L'analyse des genres de vie, des instruments que les sociétés utilisent, des paysages qu'elles modèlent a donné naissance à la géographie culturelle (Claval 2003).

Cette discipline, en liaison avec l'ethnologie, s'intéresse à la famille et aux systèmes de parenté, aux règles à respecter dans le choix du conjoint, au mode de filiation choisie (patrilinéaire si les enfants appartiennent à la lignée du père, matrilinéaire s'ils sont rattachés au clan maternel, éventuellement bilinéaire), au lieu de résidence des époux (patrilocale en cas de résidence chez les parents du mari, virilocale dans la parenté élargie du mari, matrilocale chez les parents de la femme, uxorilocale dans la parenté élargie de la femme ou néolocale lorsque le couple s'installe sur une implantation nouvelle). Les règles d'héritage des biens font également l'objet d'un intérêt particulier.

123

La géographie culturelle va également s'interroger sur l'origine de la cohésion sociale. En effet, la vie sociale implique que les partenaires aient le sentiment d'appartenir à un même ensemble où chacun se sent responsable et solidaire. Ce sentiment collectif peut être établi sur une base affective, souvent d'origine familiale, religieuse ou issue d'un idéal partagé, et l'on parle alors de communauté ; il peut également être fondé sur une base rationnelle, liée à la recherche de l'intérêt et de l'efficacité et on considère alors qu'il s'agit d'une société (Combemale 2005).

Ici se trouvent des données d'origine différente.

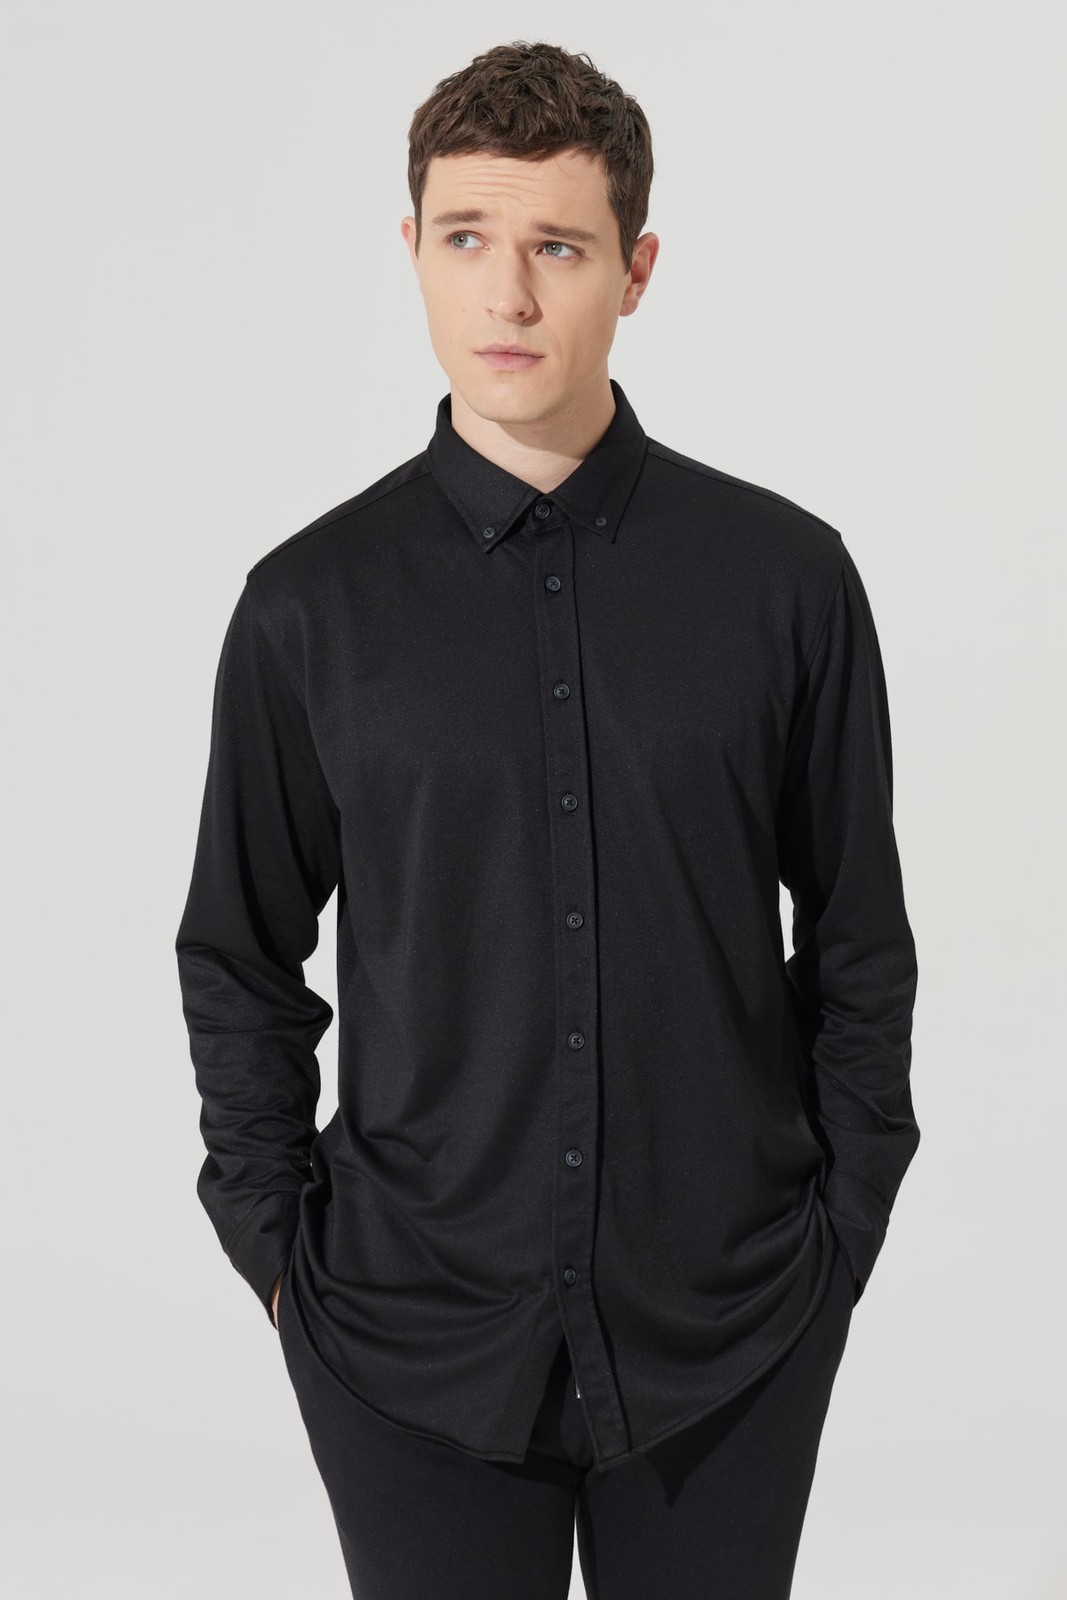 ALTINYILDIZ CLASSICS Men's Black Comfort Fit Comfy Cut Buttoned Collar Cotton Shirt.

Le droit foncier, qui synthétise les rapports du groupe à son environnement, à travers différents techniques sociales, est également étudié pour son rôle fonctionnel, mais également religieux et symbolique. Les paysages, de leur côté, doivent également être lus selon trois grilles complémentaires, une grille fonctionnelle sociale, une autre fonctionnelle économique et une dernière grille symbolique.

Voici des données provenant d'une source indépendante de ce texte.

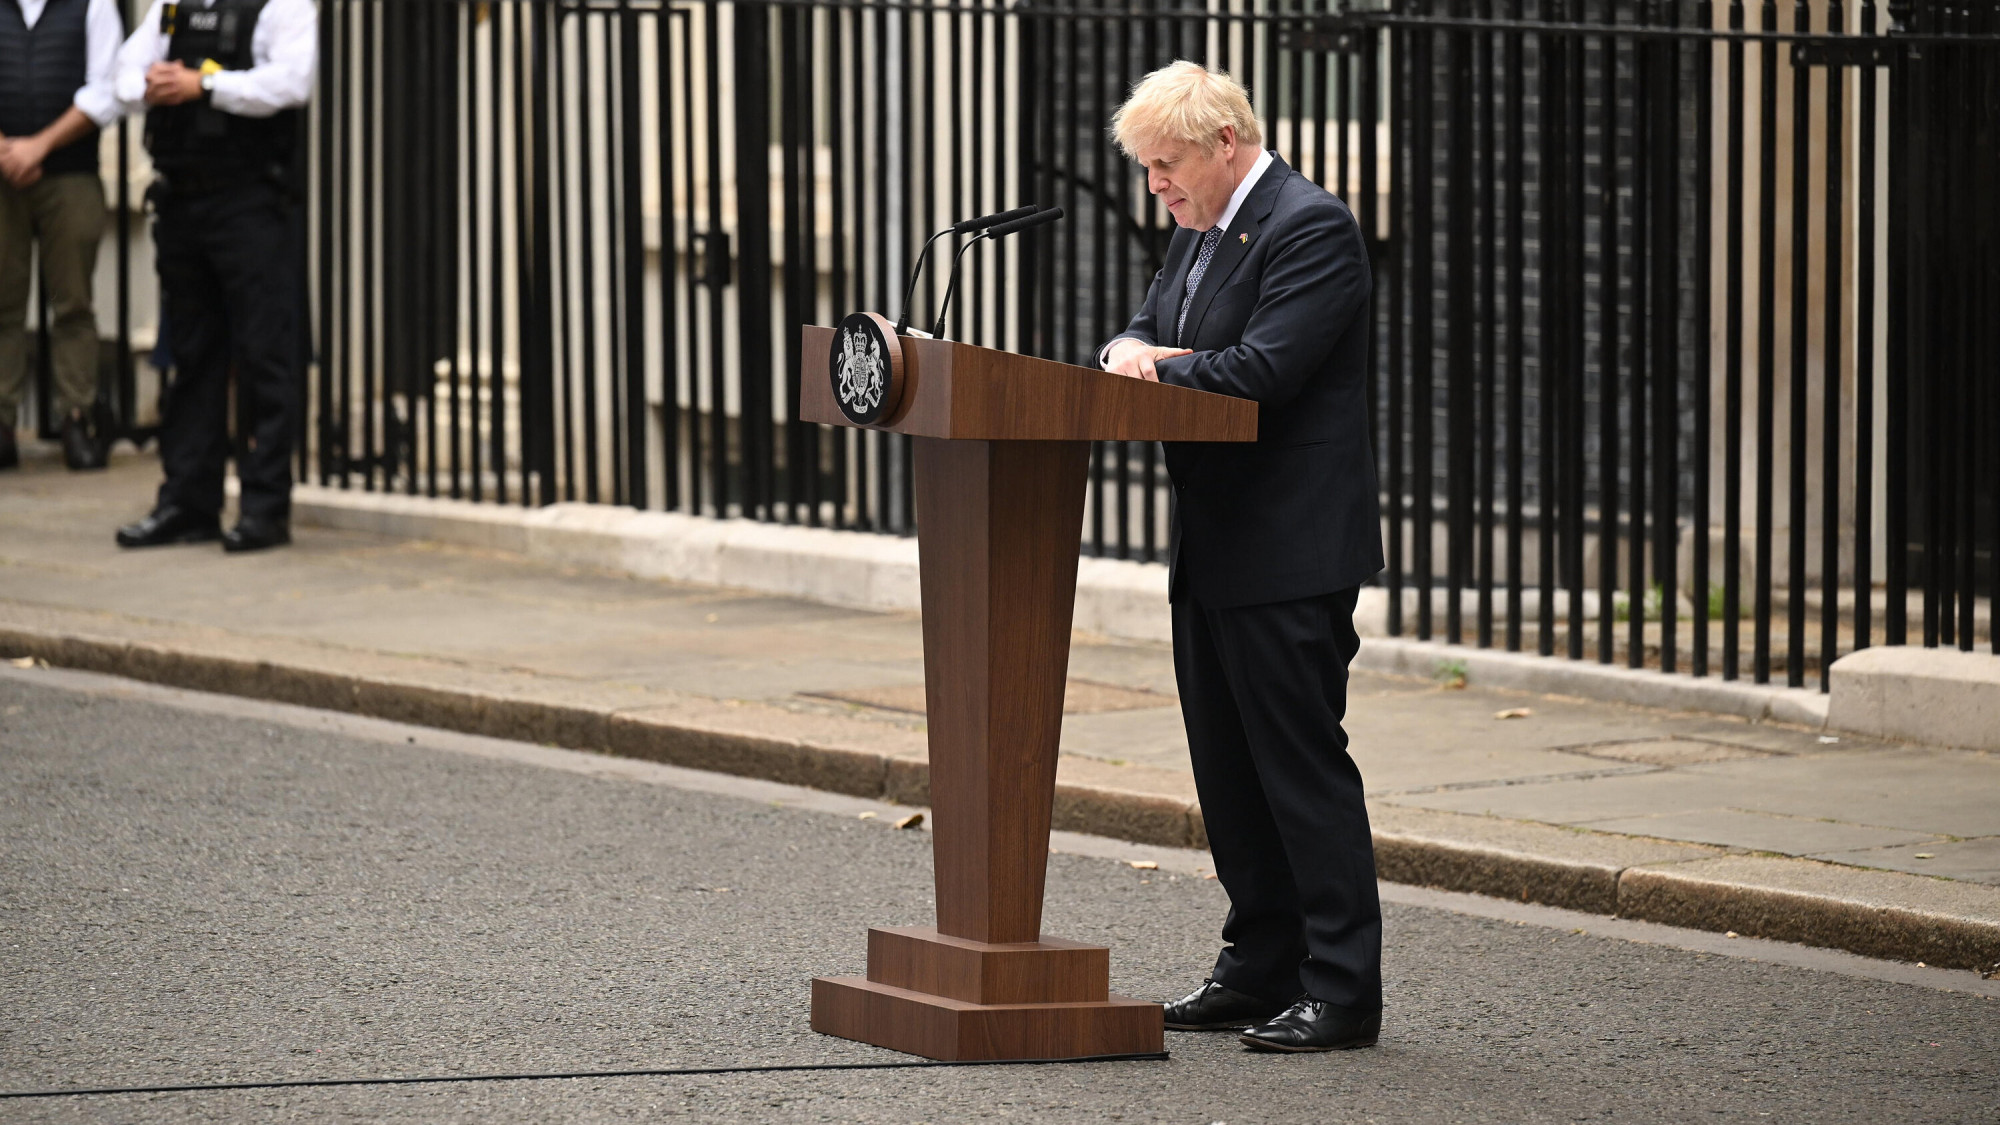 Phía trước tư dinh Thủ tướng tại số 10 phố Downing, Thủ tướng Anh Boris Johnson tuyên bố từ chức sau khi bị nội các và Đảng của ông cô lập

Si les liaisons entre la géographie et l’écologie sont étroites dans l’étude des paysages, l’apport de la géographie humaine, surtout dans sa composante culturelle, est indispensable pour comprendre réellement le fonctionnement des sociétés. Ces différents aspects sont primordiaux dans notre cas d’étude, où la vie des hommes est basée sur l’exploitation directe des ressources naturelles renouvelables.